The frequency of short-chain acyl-CoA dehydrogenase gene variants in the US population and correlation with the C4-acylcarnitine concentration in newborn blood spots

Short-chain acyl-CoA dehydrogenase (SCAD) deficiency is a clinically heterogeneous disorder. The clinical phenotype varies from fatal metabolic decompensation in early life to subtle adult onset, some patients remain asymptomatic. Two mutations (511C > T; 625G > A) have been described in exons 5 and 6 of the SCAD gene. Although they alter the structural and catalytic properties of the SCAD protein, these variants are not true disease-causing mutations but confer disease susceptibility. Previous studies found these gene variants to be common in Europeans. We aimed to establish the frequency of these variants in the US population and to determine whether the presence of these variants correlates with elevated butyrylcarnitine (C4-acylcarnitine) concentrations in newborn blood spots. Based on the analysis of 694 samples, we found that the allele frequency of the 625G > A variant was significantly higher (22%) than that of the 511C > T variant (3%). These gene variants were detected in either homozygous or compound heterozygous form in 7% of the study population.
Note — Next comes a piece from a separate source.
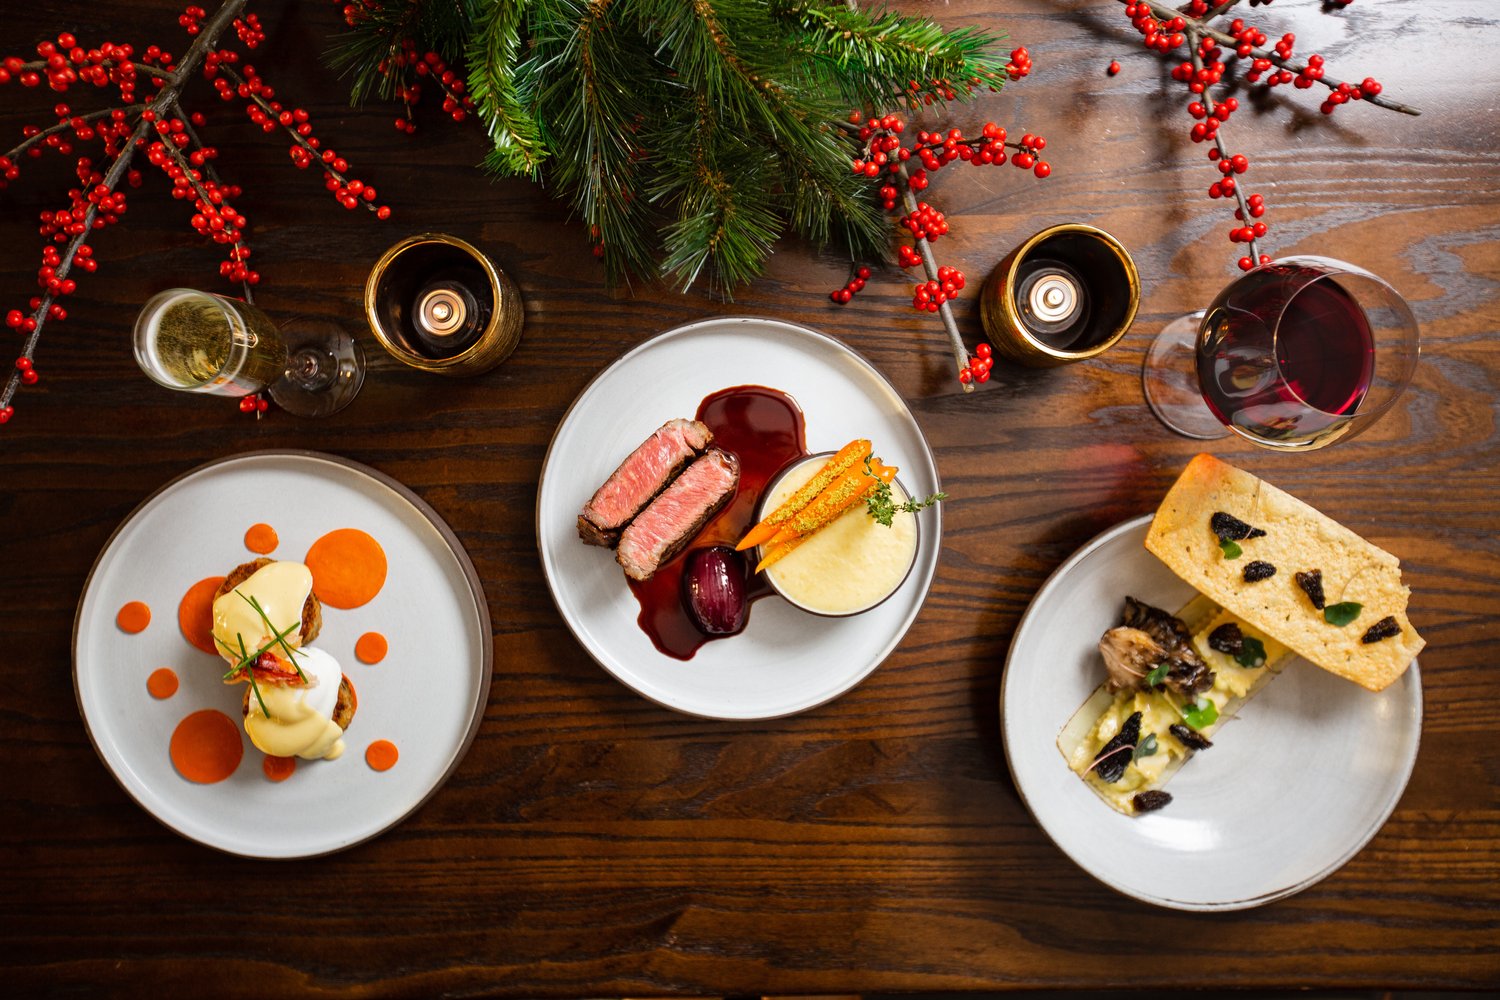 Where to dine in or order takeout for Christmas Day dinner

Additionally, the frequency of the 625G > A allele in the Hispanic population (30%) was significantly higher than that of the African-American (9%) and Asian (13%) subpopulations. A previously unreported variant, IVS 5 (-10) C > T, was identified in three African-American newborns (0.3%). The C4acylcarnitine concentration in blood spots was significantly higher in subjects homozygous for the 625A variant when compared to those homozygous for the wild type (p<0.0001). However, none of the observed genotypes was associated with a concentration of C4-acylcarnitine that would be consistent with a biochemical diagnosis of SCAD deficiency.